**Brief:** Your task is to copy the listing exactly, with the pictures left out.

**Dataset content:**
------------------------------------------------------------------------
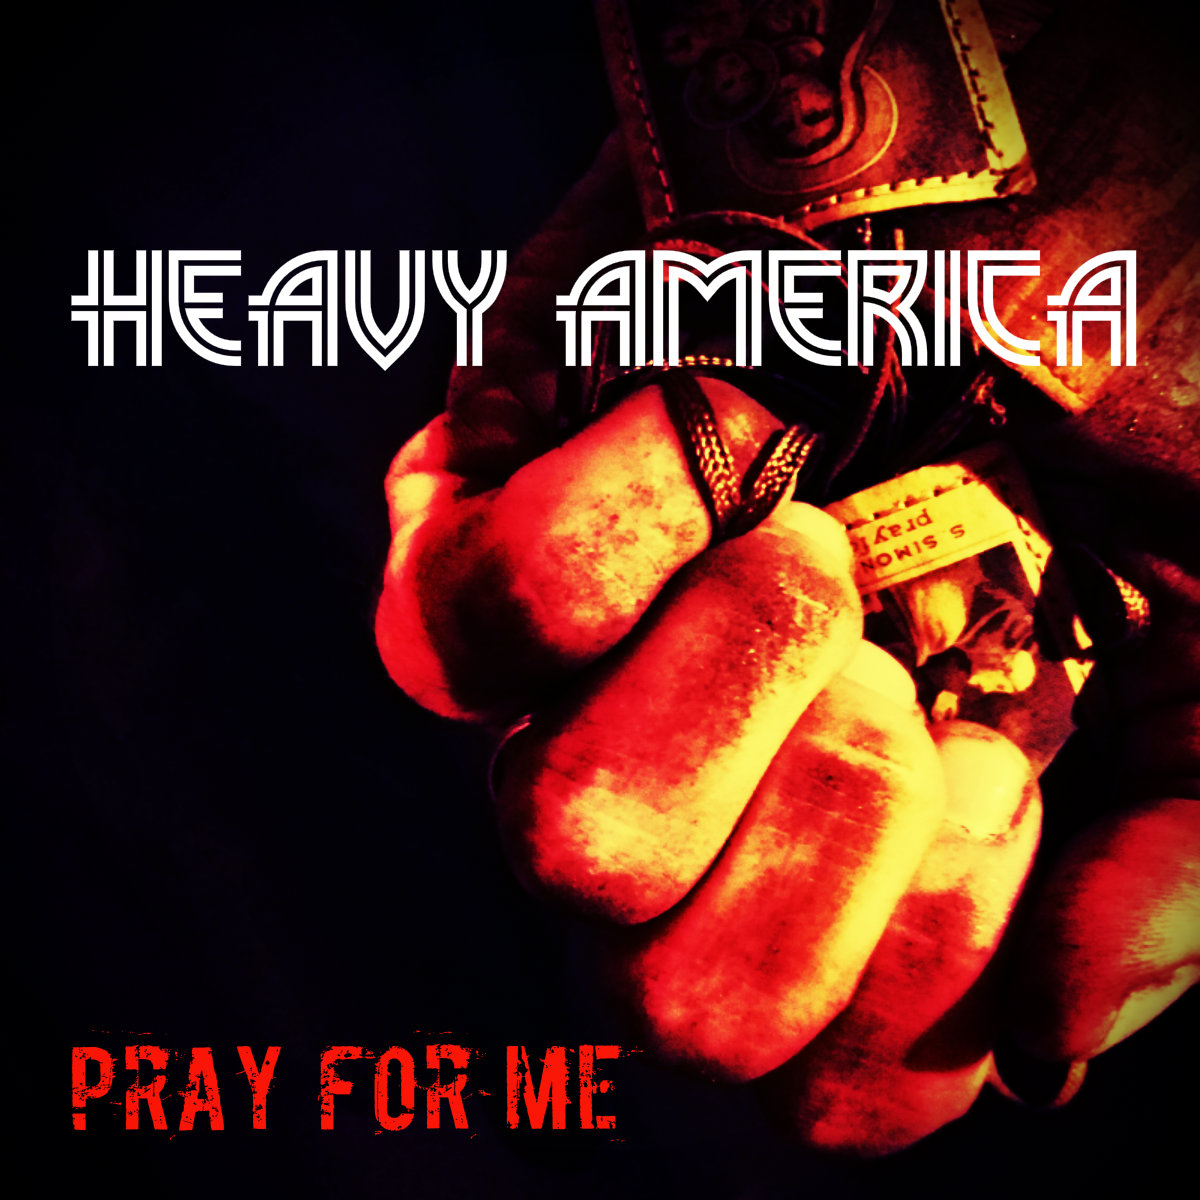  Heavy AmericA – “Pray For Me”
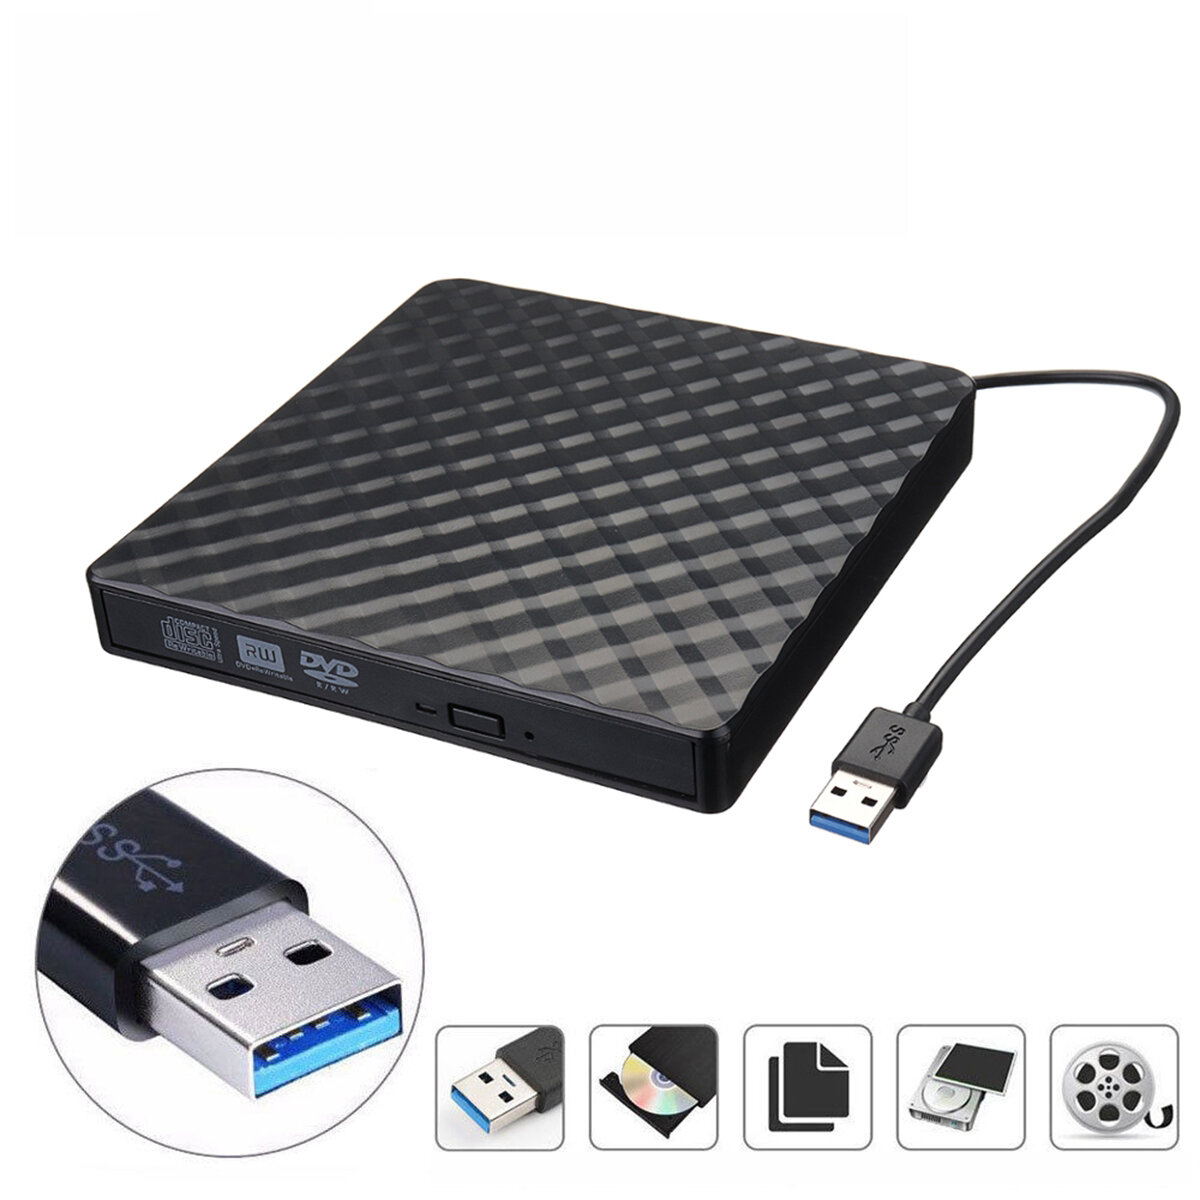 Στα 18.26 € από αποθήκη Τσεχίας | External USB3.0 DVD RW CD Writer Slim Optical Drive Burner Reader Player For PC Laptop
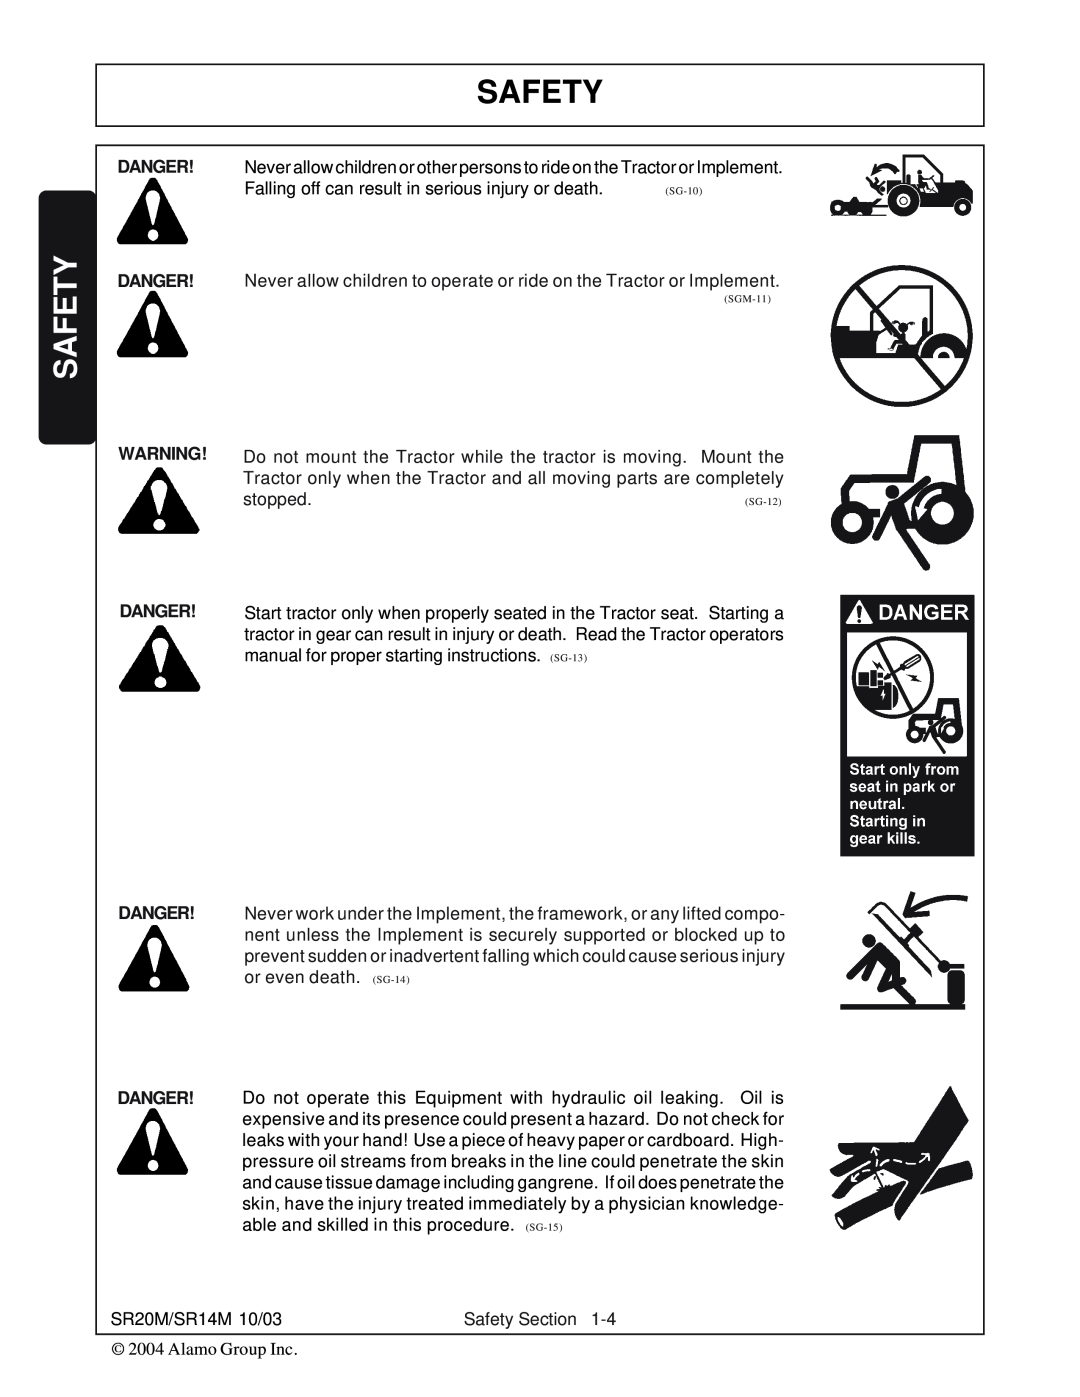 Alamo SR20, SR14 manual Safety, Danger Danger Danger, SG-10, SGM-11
------------------------------------------------------------------------
**Response to this exercise:**
  Heavy AmericA – “Pray For Me”
 Στα 18.26 € από αποθήκη Τσεχίας | External USB3.0 DVD RW CD Writer Slim Optical Drive Burner Reader Player For PC Laptop
 Alamo SR20, SR14 manual Safety, Danger Danger Danger, SG-10, SGM-11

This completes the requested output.